I would accept the critique that I lack stable systems of measurement.  But this is not because my work is any less rigorous or precise than quantitative social science.  There are different measures for academic rigor because learning an academic discipline means deciding what sorts of things you are going to be imprecise about.  This is why I am not so sure about Brookman's assertion that "you let the data inform your views."  Professions of faith that the data tell their own story ignore the culturally specific choices that inform what counts as a datum in the first place.  Part of why LaCour was successful was because he was able to take advantage of uncritical beliefs that ignored how disciplinary knowledge is produced and authorized. But then again, I'm just making this up.


  1. Quite apart from the bogus data, Curtis gives us a really nice scientific critique of the methods of the study – namely he raises the methodological question of “validity” (Engler/Stausberg, 8): are the categories “gay” and “straight” empirically valid? What version of reality do they capture something about? Do the categories capture something about reality that the researchers intend, or do they have a naïve view of the nature of language and identity? These are scientific questions as much as they are questions implied by a humanist historian.
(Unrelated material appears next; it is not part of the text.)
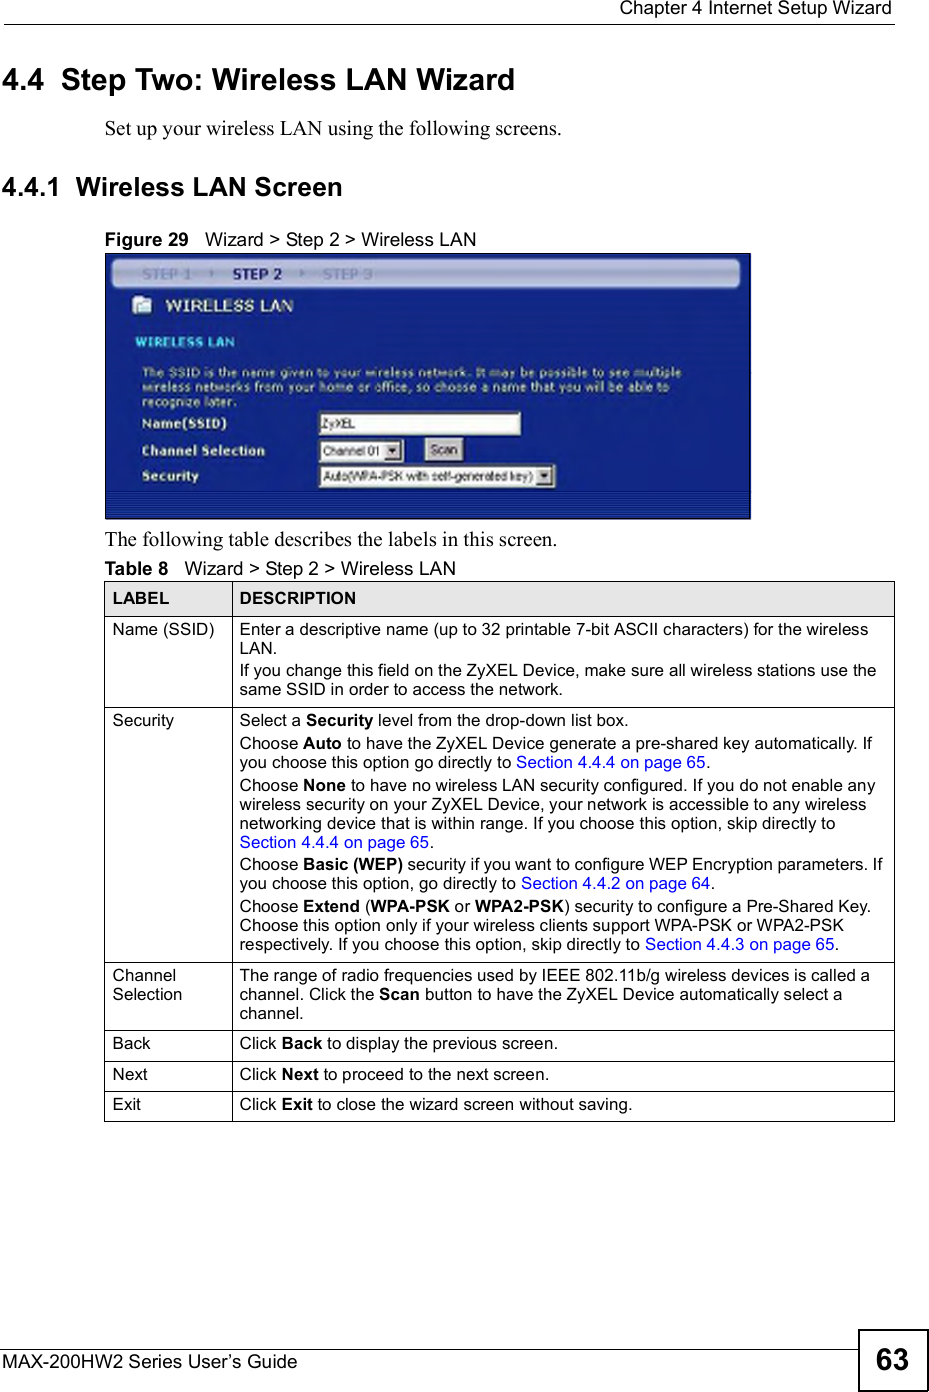  Chapter 4Internet Setup WizardMAX-200HW2 Series User s Guide 634.4  Step Two: Wireless LAN WizardSet up your wireless LAN using the following screens.4.4.1  Wireless LAN ScreenFigure 29   Wizard &gt; Step 2 &gt; Wireless LAN The following table describes the labels in this screen.Table 8   Wizard &gt; Step 2 &gt; Wireless LANLABEL DESCRIPTIONName (SSID) Enter a descriptive name (up to 32 printable 7-bit ASCII characters) for the wireless LAN.If you change this field on the ZyXEL Device, make sure all wireless stations use the same SSID in order to access the network.Security Select a Security level from the drop-down list box.Choose Auto to have the ZyXEL Device generate a pre-shared key automatically. If you choose this option go directly to Section 4.4.4 on page 65.Choose None to have no wireless LAN security configured. If you do not enable any wireless security on your ZyXEL Device, your network is accessible to any wireless networking device that is within range. If you choose this option, skip directly to Section 4.4.4 on page 65.Choose Basic (WEP) security if you want to configure WEP Encryption parameters. If you choose this option, go directly to Section 4.4.2 on page 64.Choose Extend (WPA-PSK or WPA2-PSK) security to configure a Pre-Shared Key. Choose this option only if your wireless clients support WPA-PSK or WPA2-PSK respectively. If you choose this option, skip directly to Section 4.4.3 on page 65.Channel SelectionThe range of radio frequencies used by IEEE 802.11b/g wireless devices is called a channel. Click the Scan button to have the ZyXEL Device automatically select a channel.Back Click Back to display the previous screen.Next Click Next to proceed to the next screen. Exit Click Exit to close the wizard screen without saving.

    In that sense, I disagree with what I take to be one of the conclusions Curtis draws. Both humanists (or post-humanists) and scientists think data is important. Virtuous methodologies from both sides of the academic spectrum will recognize that all data is constructed and that some constructions are better than others. Both should also recognize that constructions are real, or at least that some are more real than others. Of course,data informs the view of humanists. Humanists tend to shy away from quantitative data. I am not sure if this is a happy or unhappy accident or something more essential about the humanities. So humanist use different type of data to “inform their views.” The problem is when either “side” does not recognize the constructedness of the data. Both “sides” have standards of truth-telling. The disagreement is sometimes about whose standards are better, and this is perhaps where Curtis comes in.

    (more later, I hope)

    1. I'm not sure if Gabe is saying that I'm saying that data are important or unimportant. In any case, I think data are important. What I'm interested in is the investment that Brookman, Green, and others have in the idea that quantitative data themselves (as opposed to who authorizes the data) are what convinces them to accept an argument. So they're the ones saying that data are real because they're not constructed. I think constructions are real. This is why I spend so much time analyzing textual evidence. But where I am different from the quantitative political scientists is that I think anecdotes are real too. Anecdotes are interesting to me because they have a lot more empirical information about the real world than do the kinds of data sets that LaCour and Green produce. After all, people who tell anecdotes often making super-empirical claims (ie., when someone says I know this because I say it with my own eyes). What interests me is how much empirical information has to be eliminated in order for something to be quantified. It is in the elimination of data, and not the gathering of data, that the datum takes shape.